Prompt
The listing that follows should be copied in full and exactly, with no pictures.

Recorded data

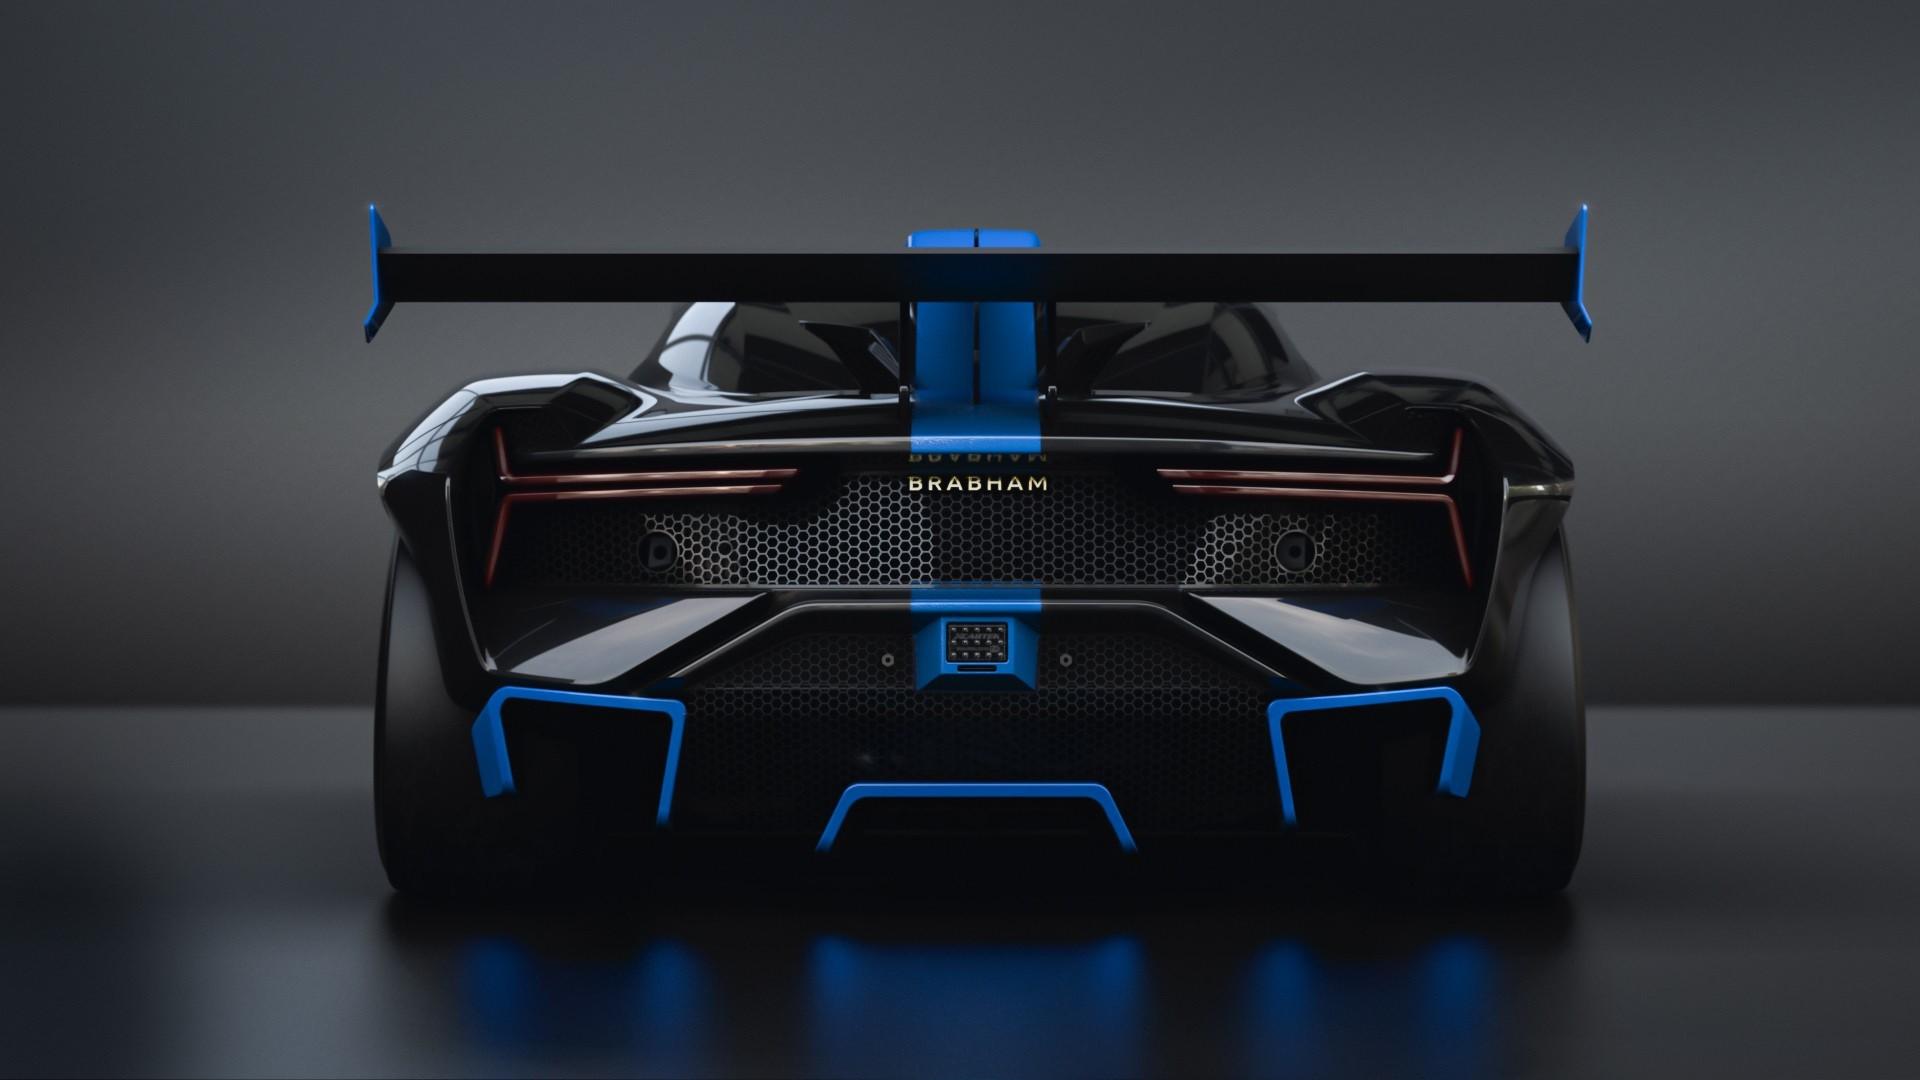 Brabham_BT63_GT2_Concept-0003
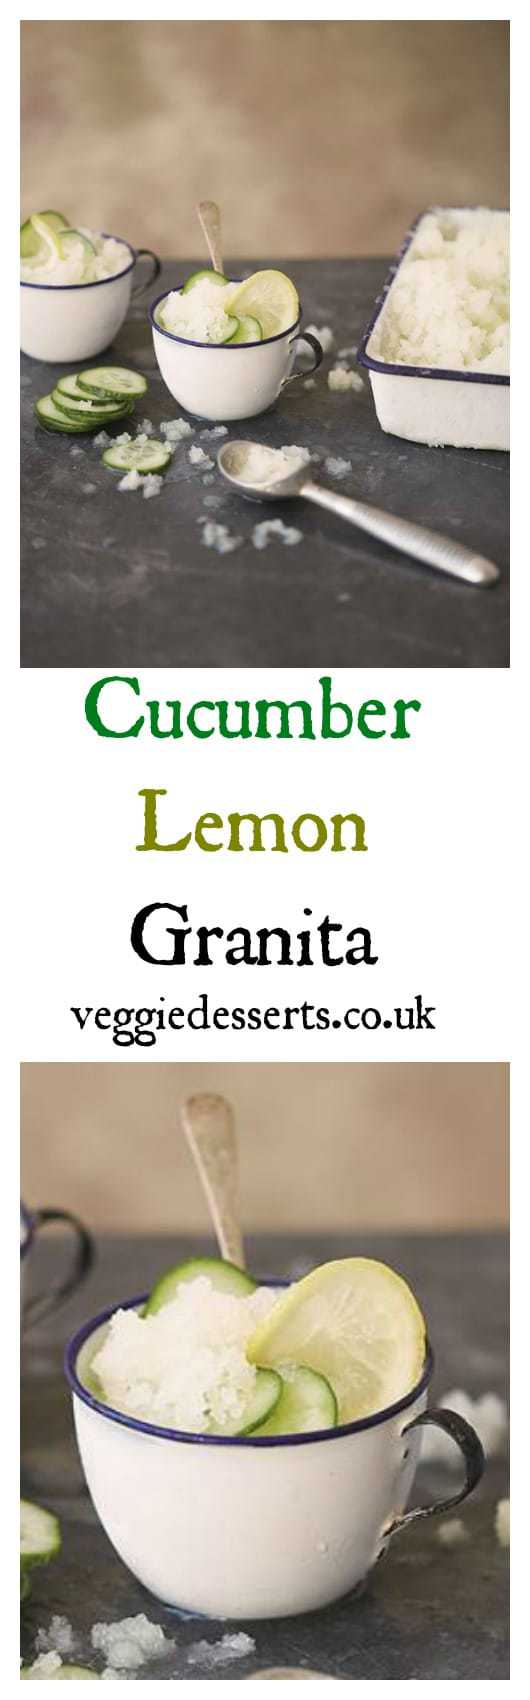 Cucumber Lemon Granita | From Veggie Desserts and Cakes by Kate Hackworthy
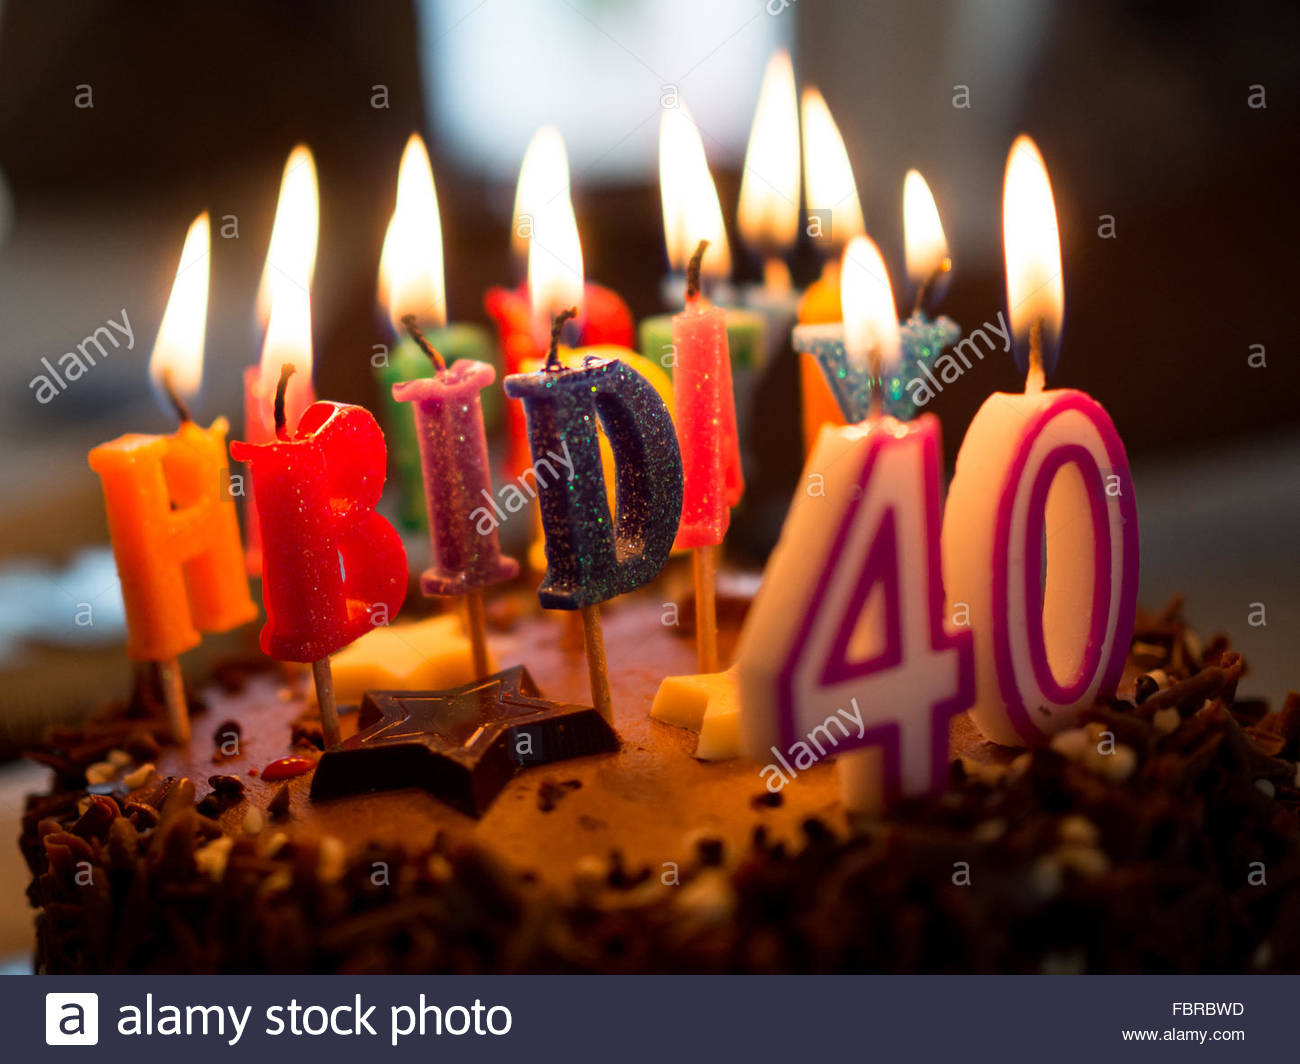 40th Birthday Cake Stock Photos 40th Birthday Cake Stock Images
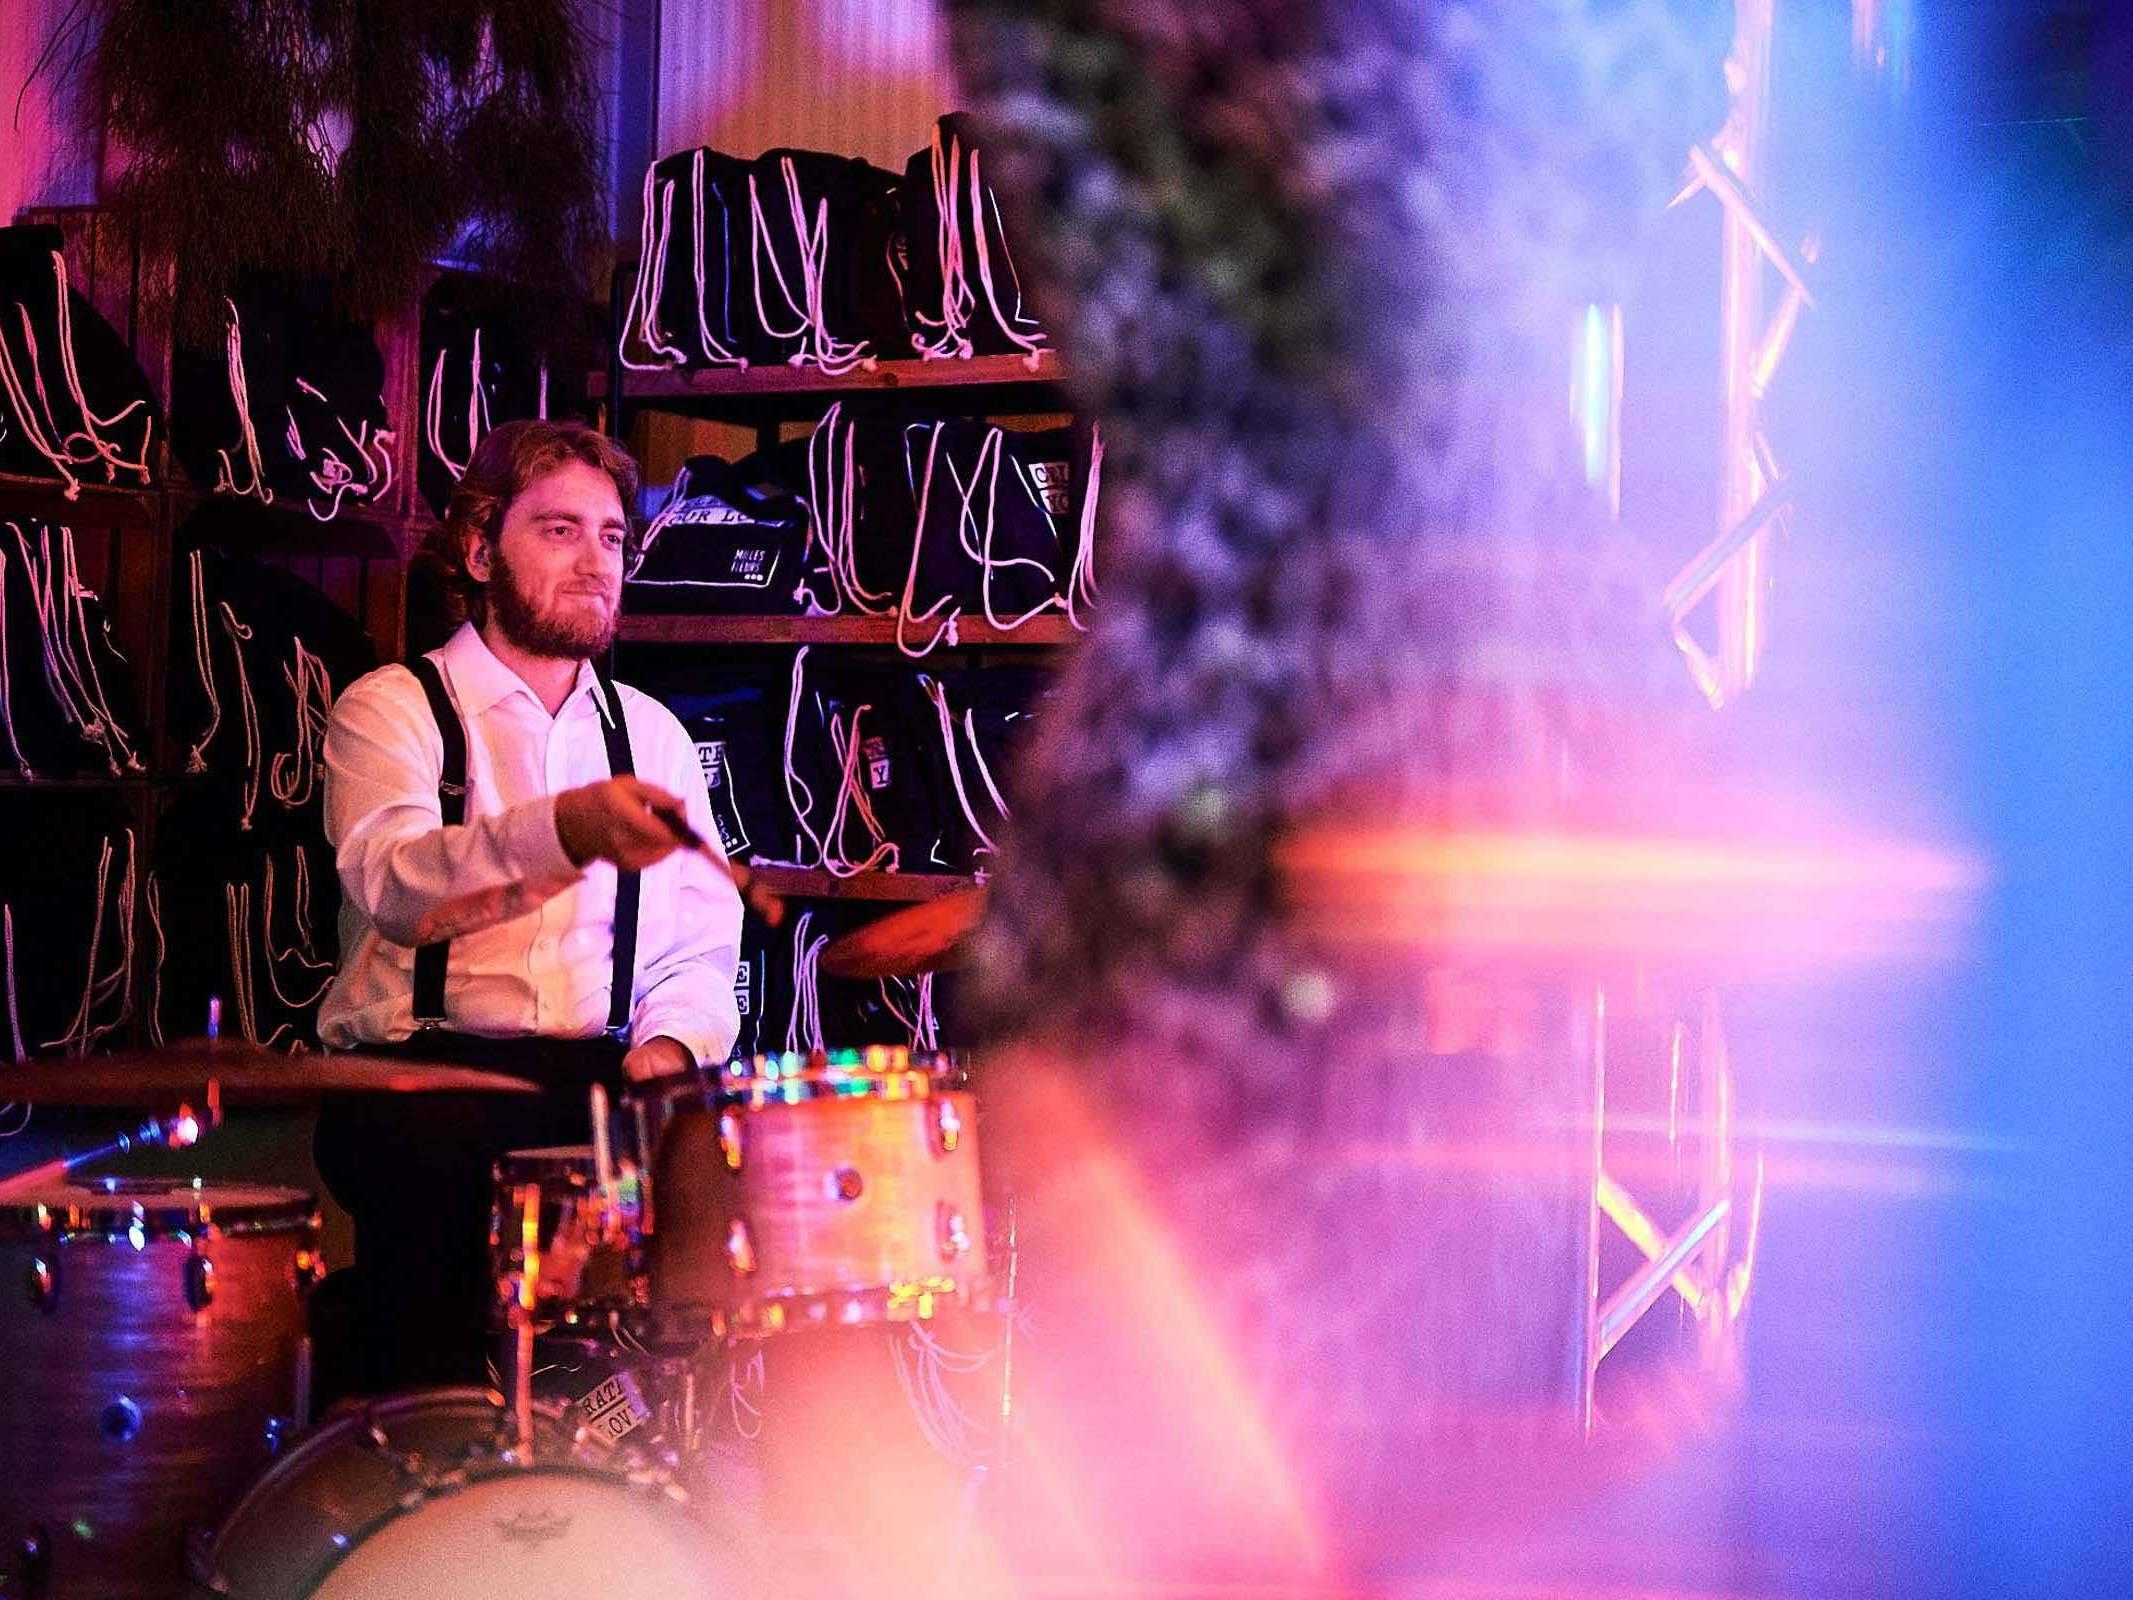 Band   Hamburg   Liveband   Livemusik   Partyband   Popband   Jazzband   Swingband   Lounge   Pop   Jazz   Soul   DJ   Saxophon   Schlagzeug   Hochzeitsband   Messe   Firmenfeier   Charity   Gala   Buchen   Mieten   Hamburgfeiert

Exercise result
 Brabham_BT63_GT2_Concept-0003
 Cucumber Lemon Granita | From Veggie Desserts and Cakes by Kate Hackworthy
 40th Birthday Cake Stock Photos 40th Birthday Cake Stock Images
 Band   Hamburg   Liveband   Livemusik   Partyband   Popband   Jazzband   Swingband   Lounge   Pop   Jazz   Soul   DJ   Saxophon   Schlagzeug   Hochzeitsband   Messe   Firmenfeier   Charity   Gala   Buchen   Mieten   Hamburgfeiert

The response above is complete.